Yes I think so but I can't say for sure!
You could also use self adhesive mirror film to line the inside with a little silicon over the joints.


----------



## zozo (2 Mar 2017)

Epoxy..  Also used to make complete wooden aquariums or seal brick ponds etc.


----------



## foxfish (2 Mar 2017)

Epoxy would be good although although  it is primarily a glue but have you seen the price of epoxy!


----------



## zozo (2 Mar 2017)

No epoxy is a resin coating  It can additionaly be used as a glue.. But it's all over used as a sealant for anything you like to be waterproof. From concrete floors to wood or anything else where it will bond to.. In our hobby it is oftenly used to coat/seal artificial background creations in fish tanks or terrariums.

It is always in 2 component, resin and hardener.. It aint realy that expensive and for emersed seal for condensation water 1 layer likely will be enough... Last time i bought it, it was € 20 for 500 grams... enough for 1 layer coating, 2 square meters..  

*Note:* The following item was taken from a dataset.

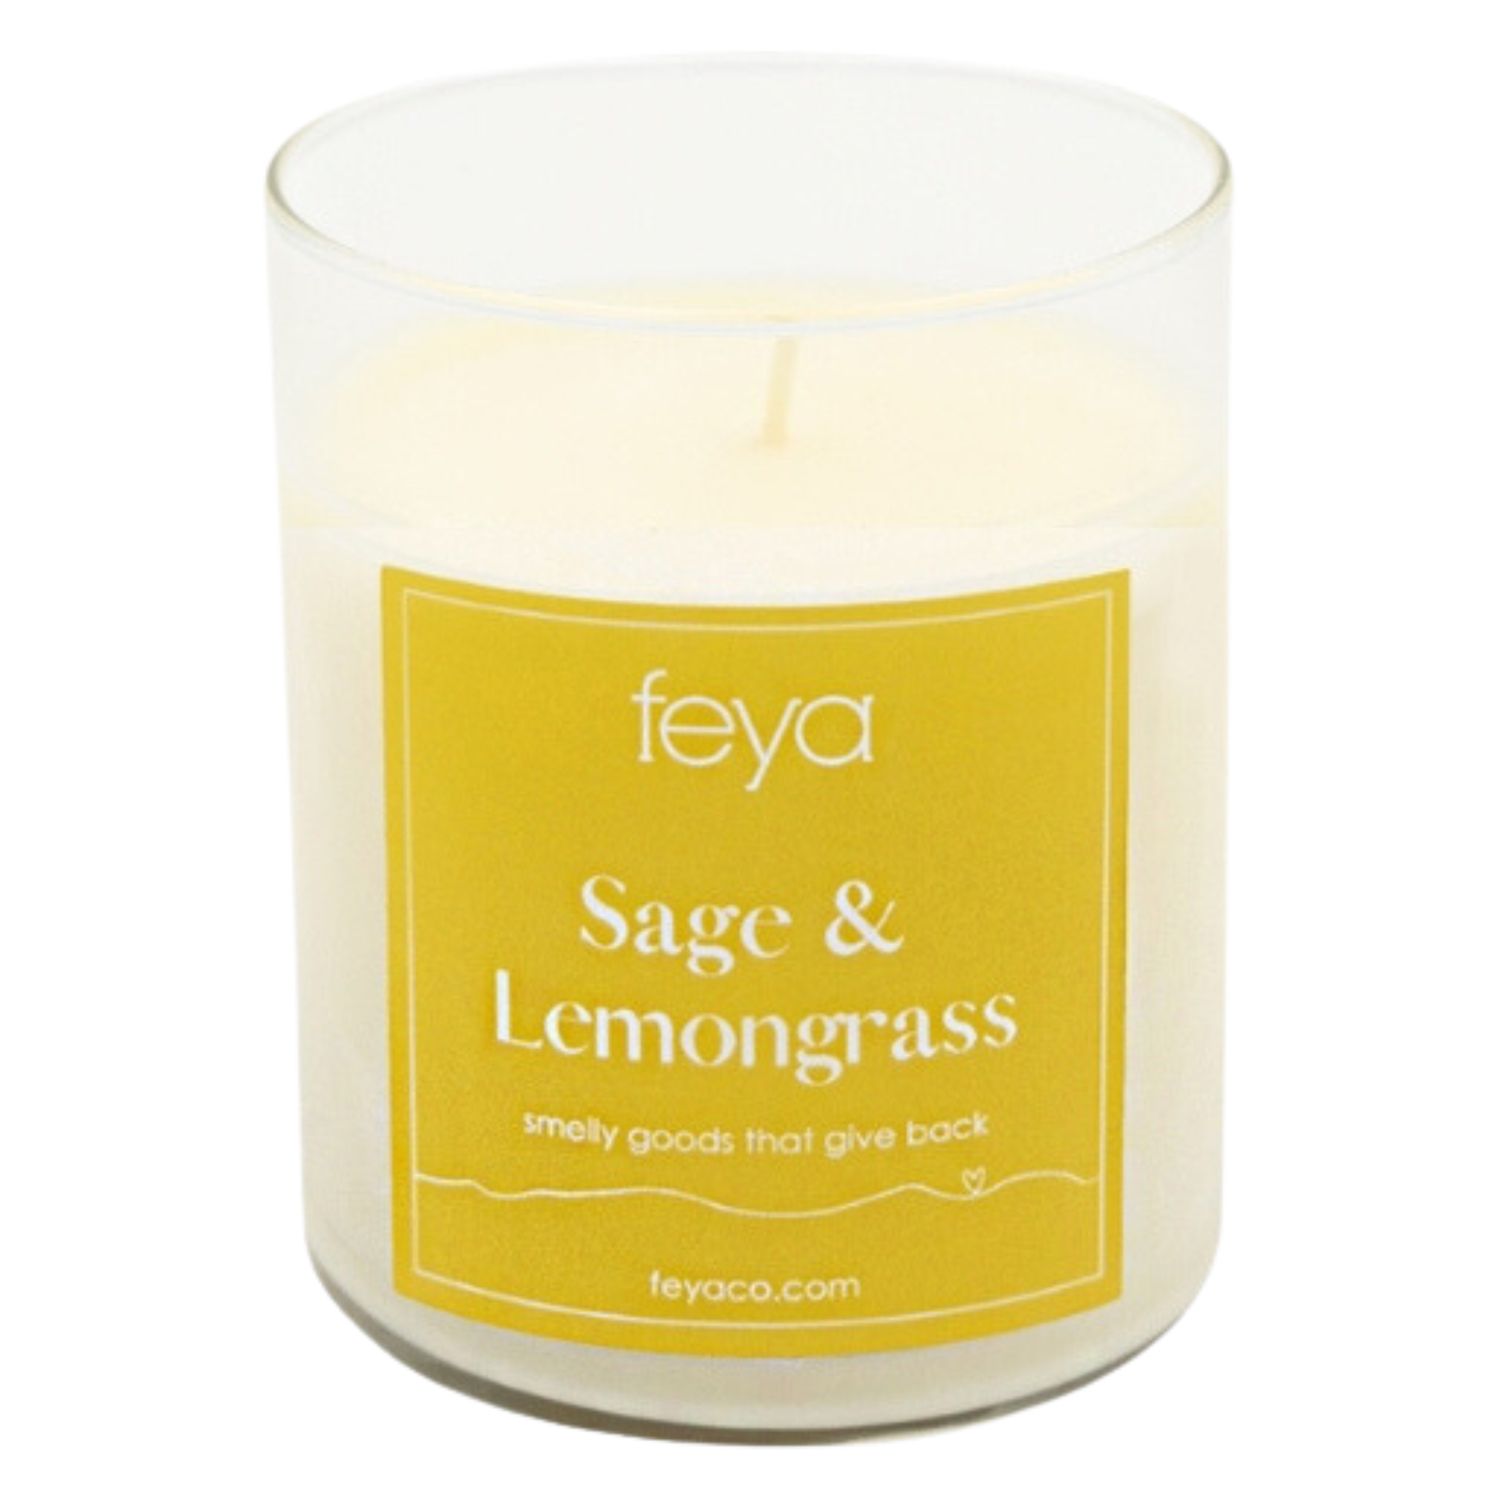 Свеча Feya с шалфеем и лемонграссом, 6,5 унций. Соевая свеча свечи feya lavender 6 5 унций соевая восковая свеча

Just be sure to ask for aquarium safe epoxy.


----------



## foxfish (2 Mar 2017)

Ah I see, I better get my facts right in the future!
Funny thing is I have been worked with epoxy resins and associated products for around 40 years now... and I thought I knew a bit about it!


----------



## ian_m (2 Mar 2017)

If you really want to use epoxy then something like this will do the job.
https://ecfibreglasssupplies.co.uk/product/west-system-junior-pack
along with white epoxy pigment.
https://ecfibreglasssupplies.co.uk/product/super-white-epoxy-colour-pigment

Mix in these cups and paint onto the wood.
https://ecfibreglasssupplies.co.uk/product/calibrated-mixing-cup-350ml


----------



## humdingerx (3 Mar 2017)

Thanks all. I have some Dulux White Matt already so think I'll try undercoat and paint method.


----------



## ian_m (3 Mar 2017)

I asked my mate what he did with his wooden hood. Was originally just varnished, but was mouldy, cracked and very poor.

He sanded it sprayed this

http://www.albedo100.co.uk/

and spray lacquered it.

Still OK years later, but water has got behind the lacquer in places.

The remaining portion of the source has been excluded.